More Hope for Fools
It’s one thing to live with zero desire to be respected and it’s another thing to live dishonorably and demand to be respected. Some people are hard to steer, others are hard to motivate, and still others are both yet they love to give advice.
The common denominator, and it is the lowest one, is of persons who are deceiving themselves. They think they are wise, but they may be the only ones who don’t know the truth.
These sorts of fools use proverbs but they are useless, like a lame lan’s legs. They get assignments but they hurt those who send them or hire them. They do the same painful, sickening things over and over, like a dog that returns to his vomit.
Solomon once took eleven verses to talk about how bad a fool is, only to follow it by saying: “Do you see a man who is wise in his own eyes? There is more hope for a fool than for him” (Proverbs 26:12).
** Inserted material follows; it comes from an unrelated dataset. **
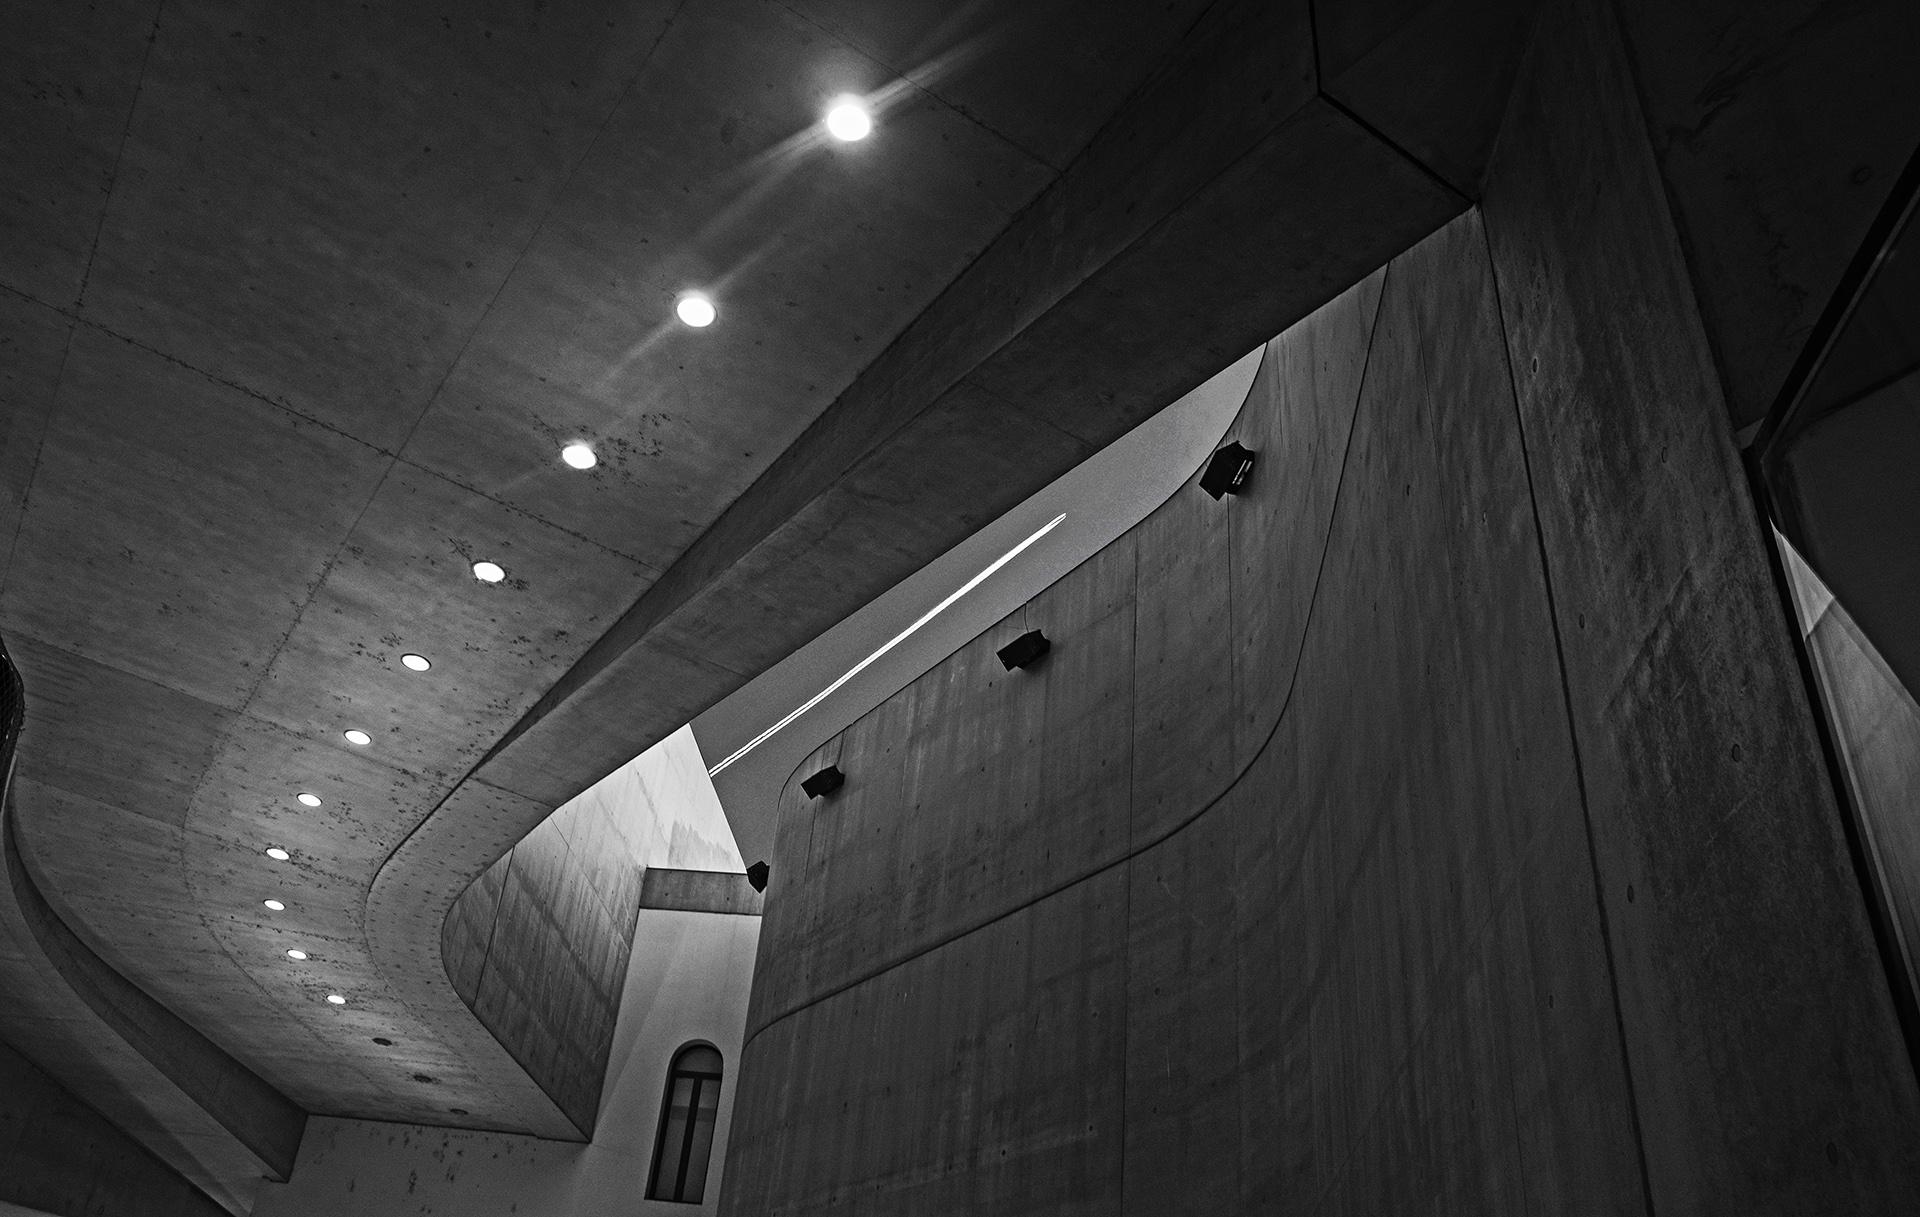 Photo in Architecture | Author valdo | PHOTO FORUM
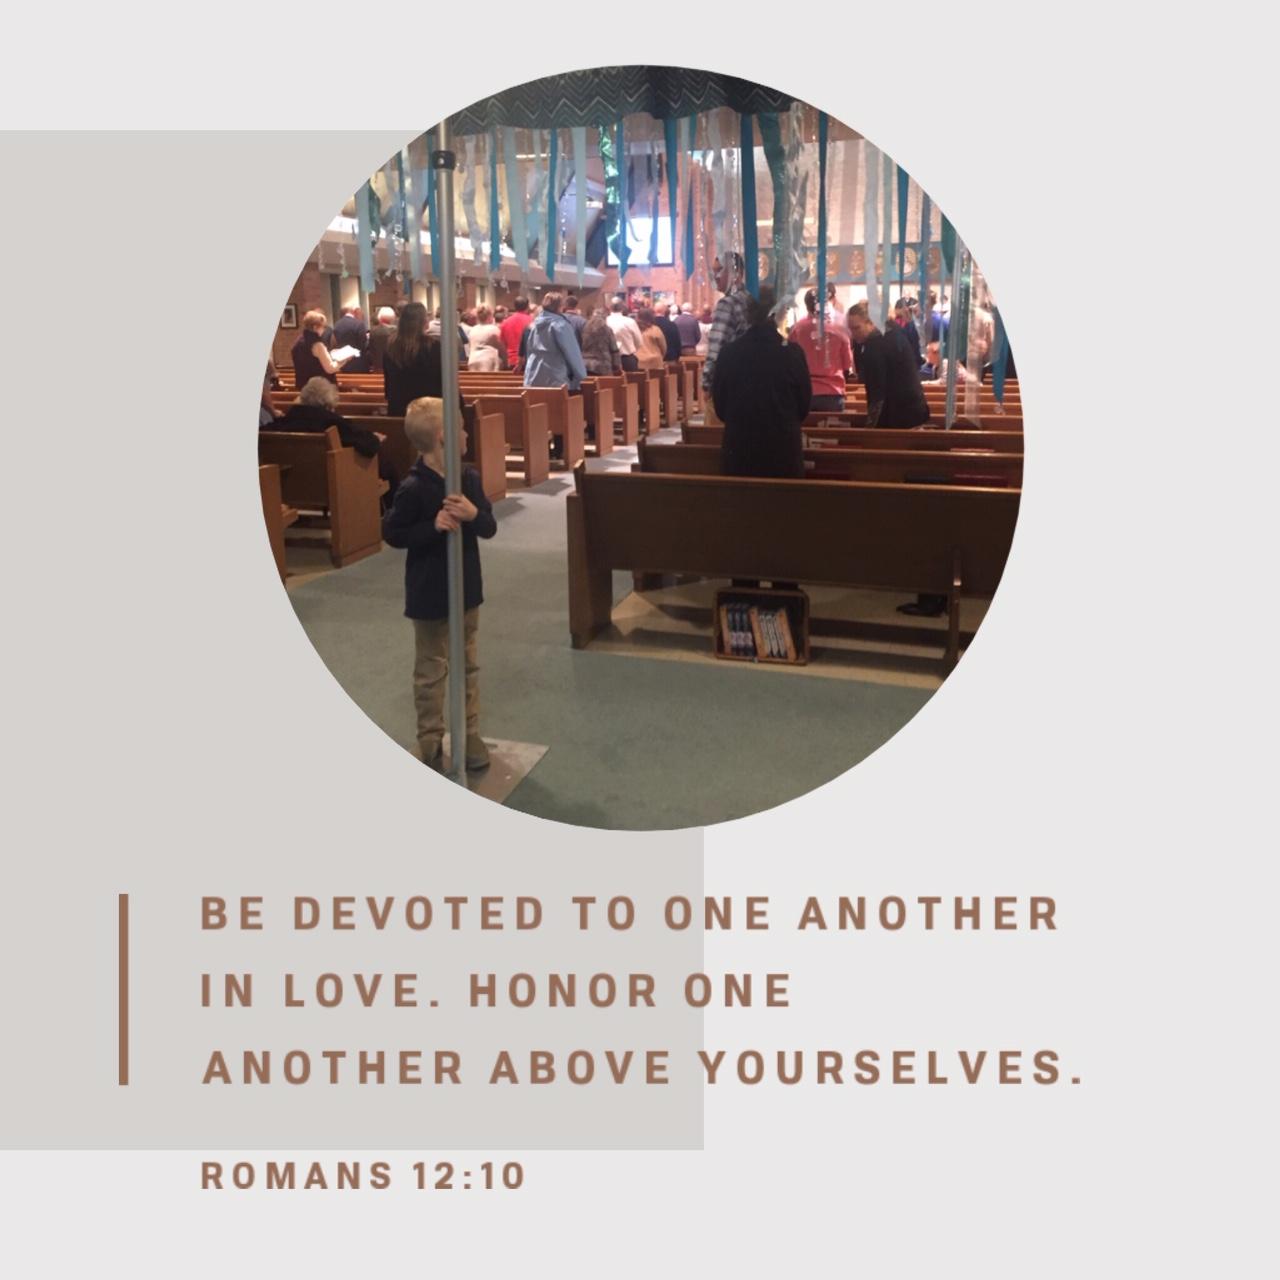 BibleLens_2019_01_13_17_31_56_3150.JPG

The issue of self-deception is explicitly bad in James 1:22-24. There is a religious person, a person who hangs out with church people and even one who listens to God’s Word, but who cheats himself from the blessing of obedience.
The word “deceive” comes from the idea of catching or ensnaring. To deceive someone else is to try to gain an advantage over them, to deceive oneself is to make-believe something that isn’t true. The only advantage of deceiving oneself is to not have do deal with uncomfortable reality. There’s more hope for fools than deniers.